Member of the South Carolina House of Representatives from the 54th district
- In office 1991–2014
- Preceded by: Jack Rogers (politician)
- Succeeded by: Elizabeth Munnerlyn

Personal details
- Spouse: Suzanne
- Children: 2
- Alma mater: Clemson University University of South Carolina
- Profession: Attorney

= Douglas Jennings Jr. =

American politician

Douglas Jennings Jr., is an American attorney and politician from South Carolina. Jennings was previously an assistant solicitor for the fourth circuit.

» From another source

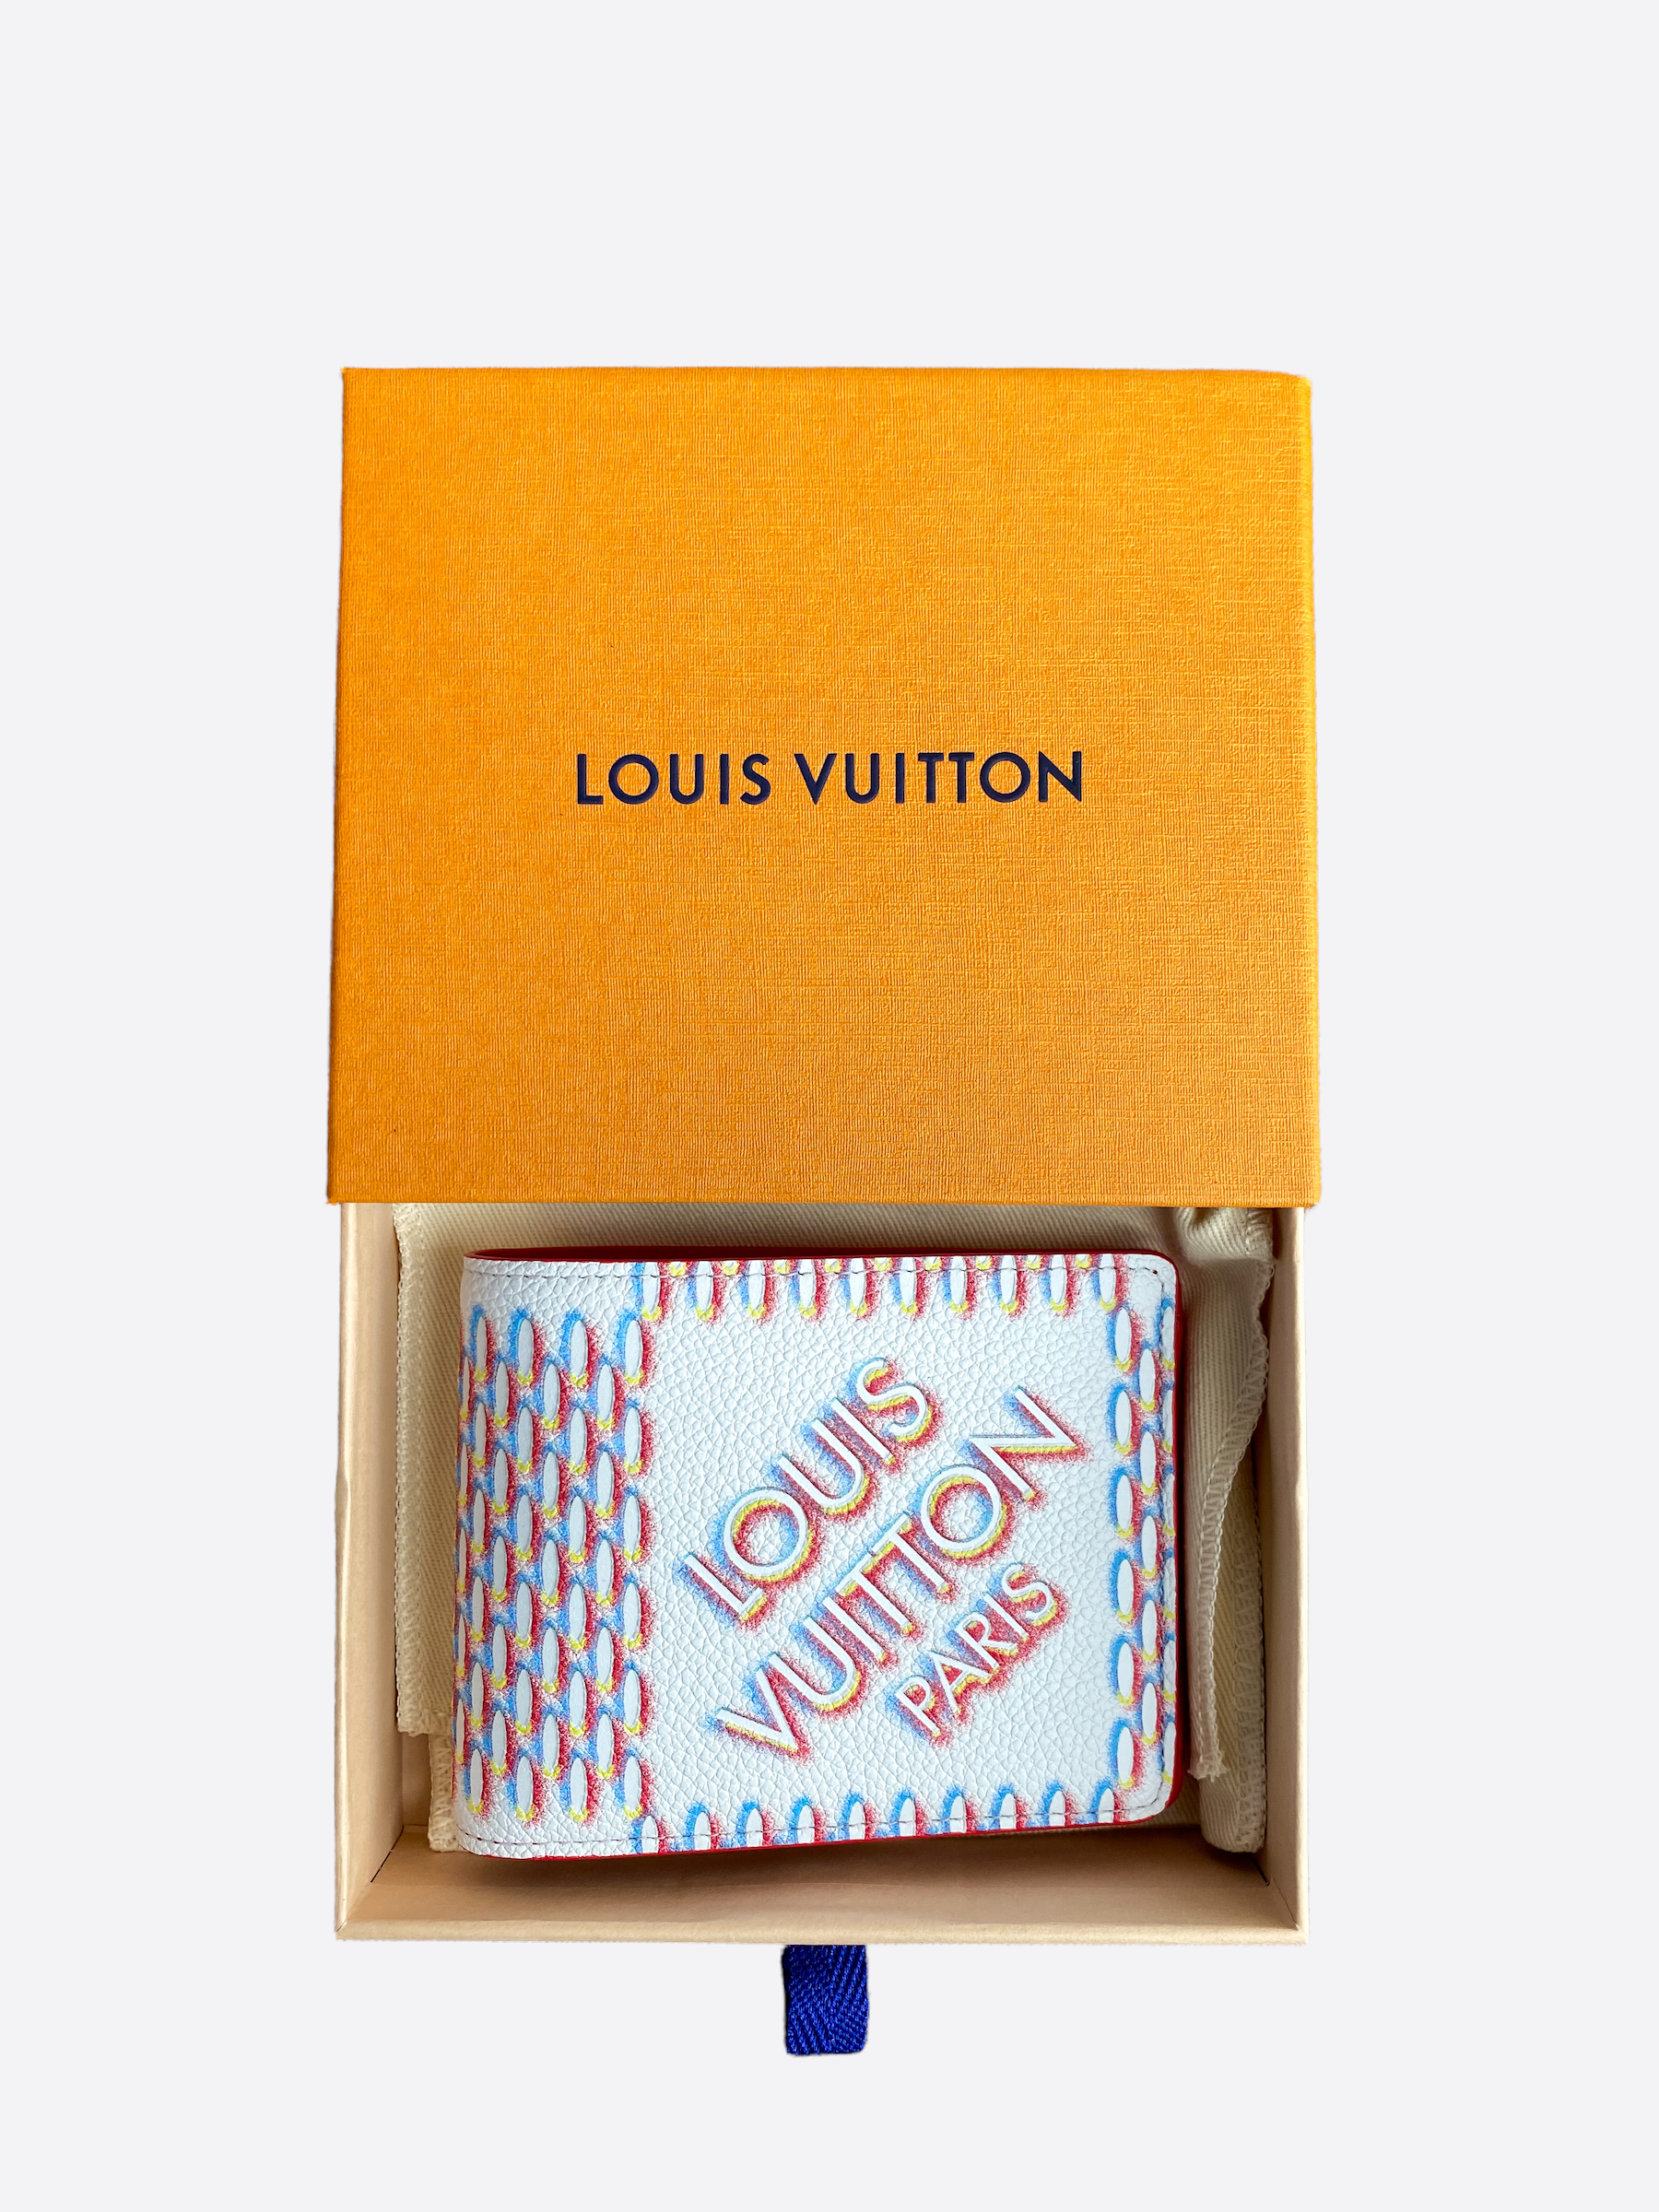 Authentic Louis Vuitton Damier Ebene Multiple Men's Wallet

== Early life and education ==
Jennings graduated from Clemson University with a BA in 1978 and with a JD from the University of South Carolina in 1982. He served as a Legislative Assistant in the United States House of Representatives from 1978 to 1979, and as a Research Assistant for the South Carolina Senate Judiciary Committee from 1979 to 1982.

== Political career ==
Jennings was a member of the South Carolina House of Representatives from 1991 to 2014. He served as House Minority Leader and on the Sentencing Reform Commission. He was a founding member of the North Eastern Strategic Alliance (NESA), and chaired its I-73 Committee. Jennings also served as Chairman of the Marlboro County Election Commission from 1986 to 1991.

== Awards ==
Jennings received the Governor's Rural Economic Leadership Award in 1999 and an Honorary Doctorate from Francis Marion University in 2002. When Jennings retired from the South Carolina Legislature in 2010, he received the Order of the Palmetto from Governor Mark Sanford, and a Concurrent Resolution by the House and Senate in recognition of his contributions. A portion of highway in Blenheim, South Carolina was named in his honor.